Buying welding gloves can feel like a nightmare and a petting zoo mixed together, especially if you don’t know what you’re looking for. Do you need deerskin or goatskin? Who even knows what deer and goats’ skin feels like?
Especially for beginners, knowing which type of leather you should use can be difficult if you don't understand their pros and cons. Fortunately, that’s exactly what we’re covering in this article. Even welders who’ve been using the same gloves for 20 years are often surprised to find better leather for what they’re doing.
It’s not just the type of animal that matters, but also what part of the animal’s body the leather comes from. Top grain leather is taken from the top of the animal. This leather tends to be the highest quality and often last the longest.
Side split leather and shoulder split leather both come from the side of the animal. However, shoulder split specifically comes from the shoulder of the animal (hence the name “shoulder split”). As the animal moves, the skin on their shoulders stretches more than other parts of their body. This means shoulder split leather often doesn’t last as long, making it a more affordable but less durable option.
Cowhide is one of the more popular choices for gloves based on its versatility. It’s tough as nails, making it one of the more durable leathers. However, this toughness comes at the cost of some flexibility. Because of this, Stick and MIG welders tend to use cowhide more often than TIG.

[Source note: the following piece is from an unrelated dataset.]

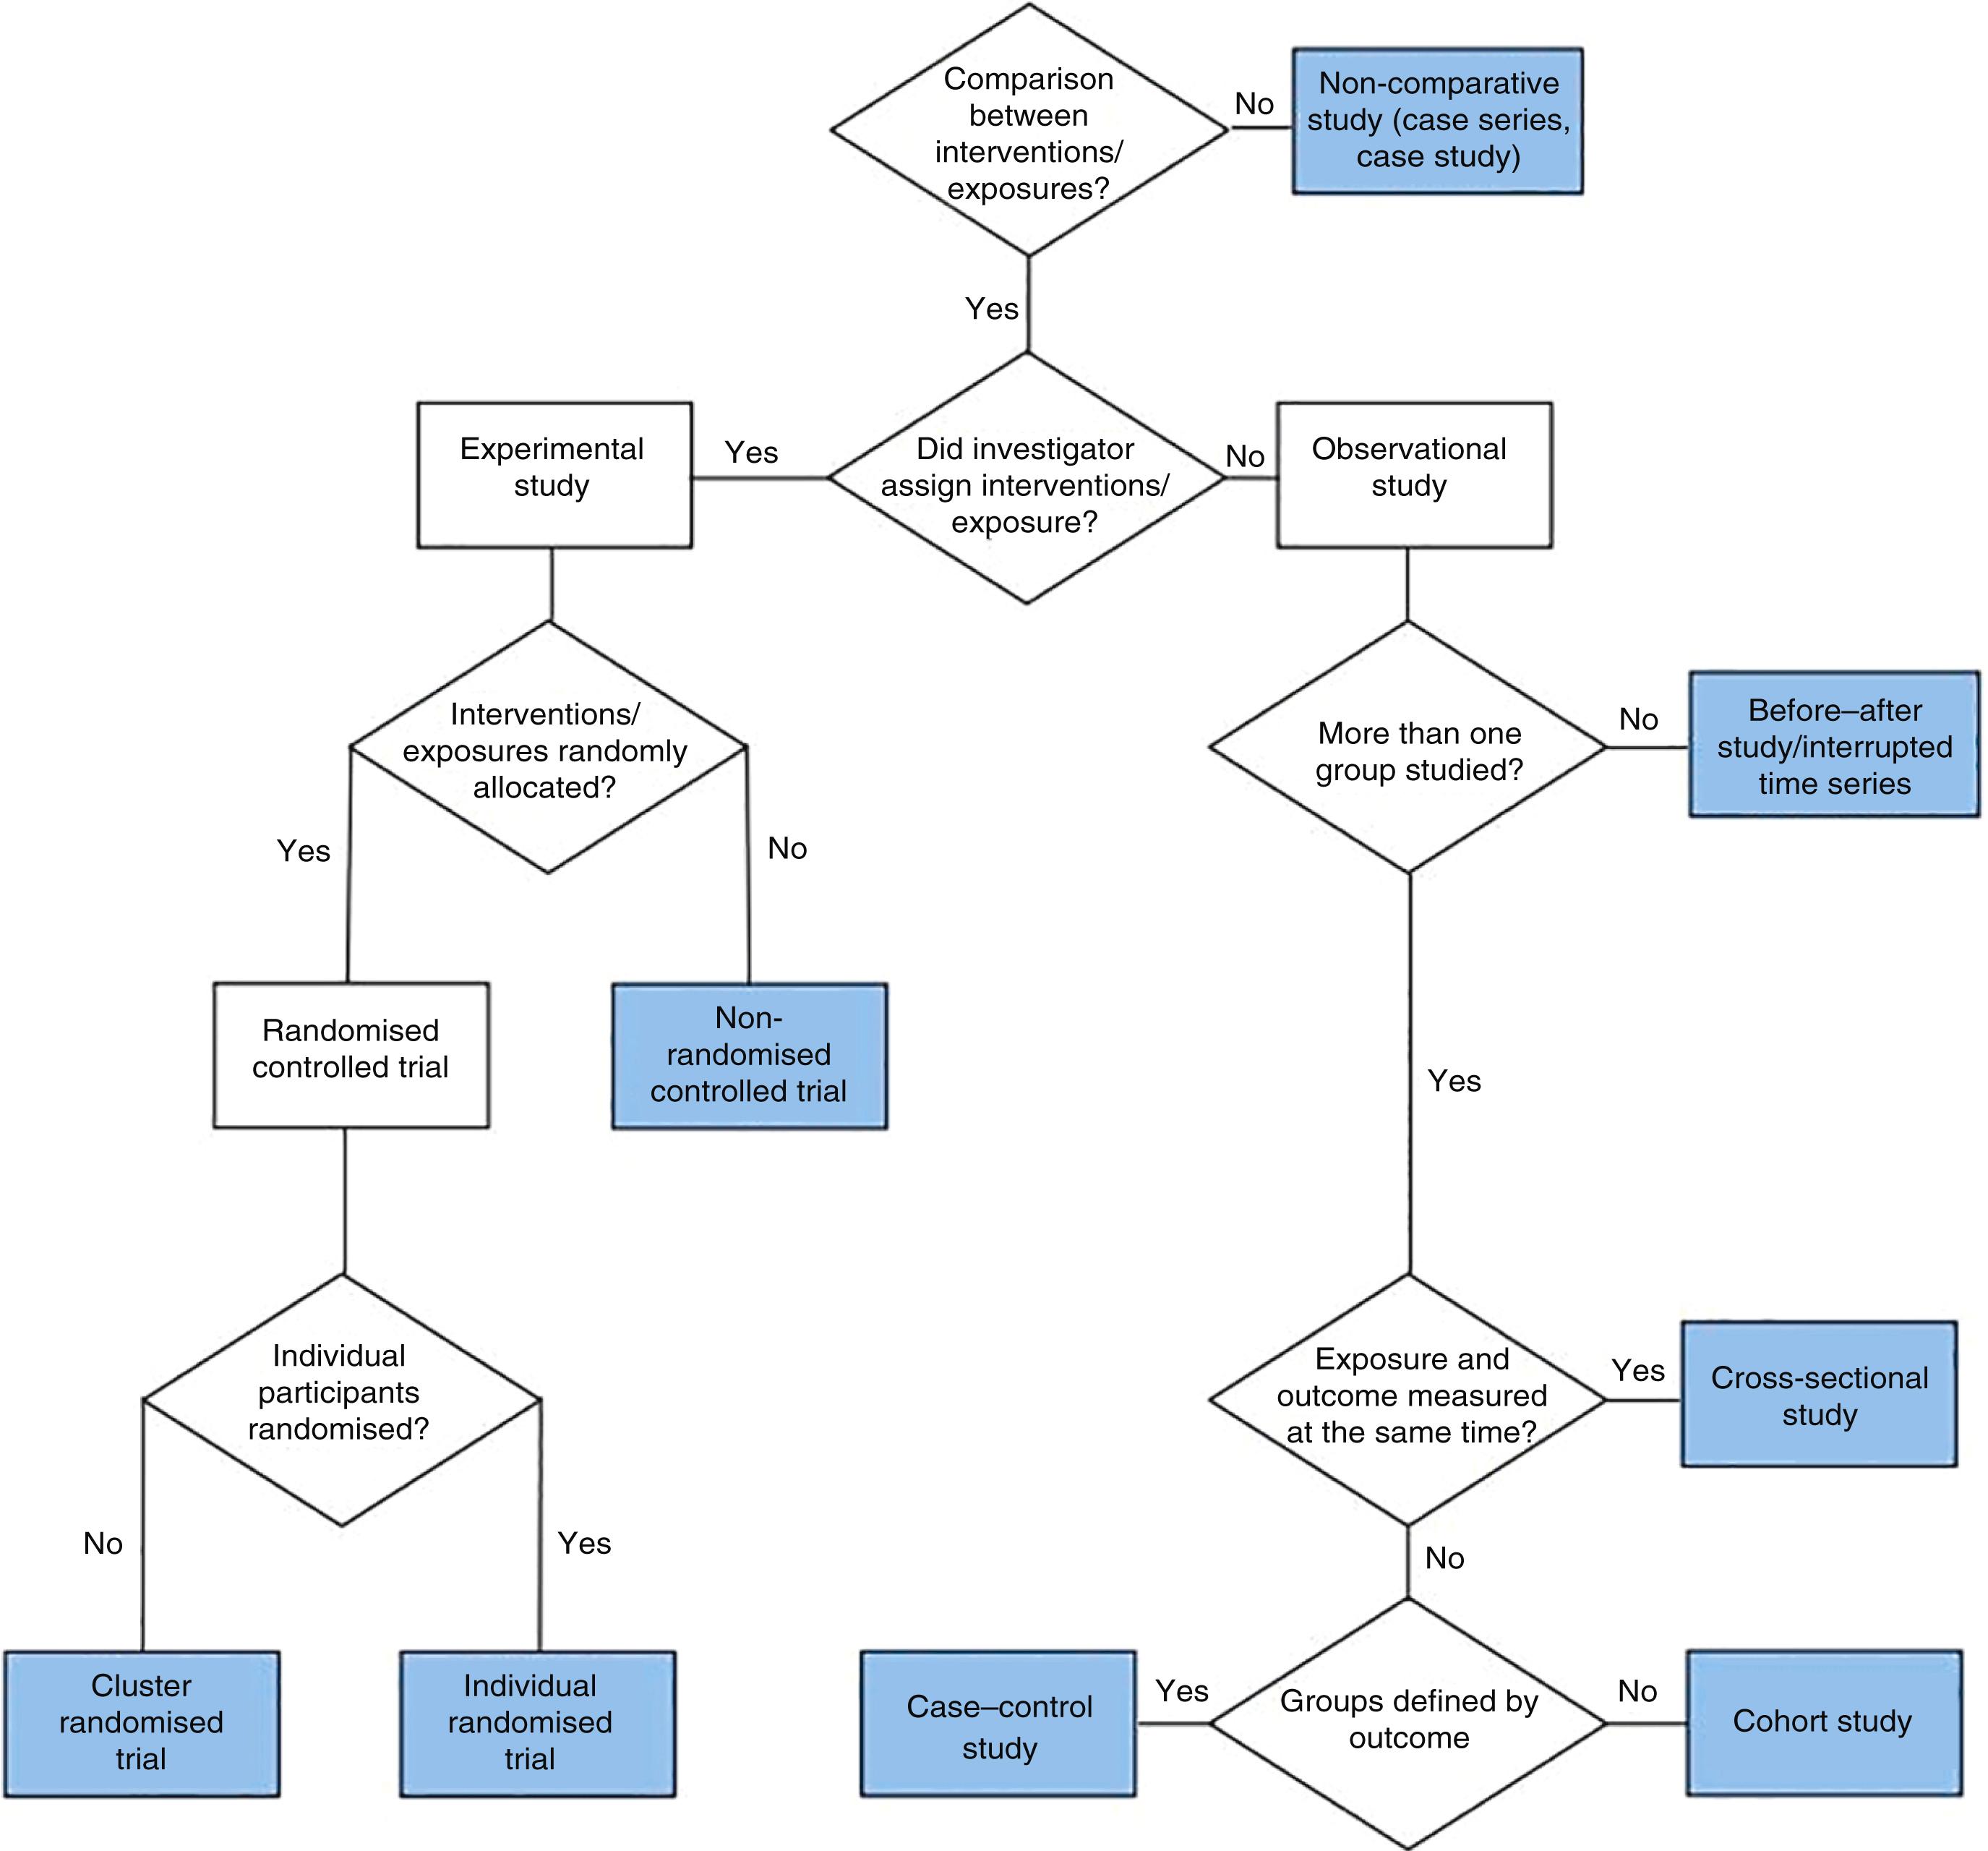 Figure 1.1, Defining study design flowchart. 10 (© NICE [2012] Methods for the development of NICE public health guidance [3rd edition]. Available from https://www.nice.org.uk/process/pmg4/resources/methods-for-the-development-of-nice-public-health-guidance-third-edition-pdf-2007967445701 . All rights reserved.)

If you’re looking for a durable pair of versatile gloves, we like the Lincoln premium leather MIG/Stick gloves. The Tillman 52 top grain cowhide MIG welding gloves also have gel inserts which reduce hand fatigue and the risk of vibration injuries. It’s a nice little added comfort, especially if you’re spending long periods of time with your gloves on.
Ah the ol’ pigskin, just like sticking your hands inside 2 footballs, right? Actually, early footballs were made from inflated animal bladders then surrounded by leather (pigskin was used, though rarely). So no, pigskin gloves do not feel like sticking your hands inside animal bladders. On the contrary, pigskin gloves are quite comfortable and fairly tough. They tend to hold up well in moist or oily conditions, staying soft and comfortable. This makes them ideal for workers who keep their gloves on most of the day. Often pigskin gloves have softer cuts of leather on the inside and tougher ones on the outside. This translates to a pair of soft, yet durable gloves with plenty of grip.
A few of our favorite Pigskin gloves are the Miller Heavy-Duty MIG/Stick gloves, which are built for even the roughest jobs and the Tillman 45 Black Onyx Top Grain Pigskin MIG gloves.
Elkskin is comfortable and perfect for hot environments. When exposed to high temperatures, Elkskin doesn’t harden as quickly as other types of leather. For this reason, these gloves tend to be highly favored among Stick welders.
The biggest selling point for goatskin gloves are their excellent weight to tensile strength and abrasion resistance ratio. Abrasion resistance is how much the leather can stand up to wear and tear caused by rubbing it against another material. Tensile strength is how much force is needed to pull the glove apart. It’s perfect for TIG welders who need durable gloves that don’t weigh much and aren’t too bulky. Kidskin is a type of goatskin taken from young goats. It provides more feel and dexterity than normal goatskin.
Deerskin is the Cadillac of work gloves. Think luxury comfort. They’re super soft and allow for quite a bit of movement. They also allow your fingers quite a bit of feeling, making them ideal for more intricate jobs. However, because of the nature of deerskin, gloves from this type of leather often aren’t designed for welding. For instance, Tillman’s 1480 Truefit deerskin gloves offer incredible comfort and dexterity for any other task around the workshop other than welding.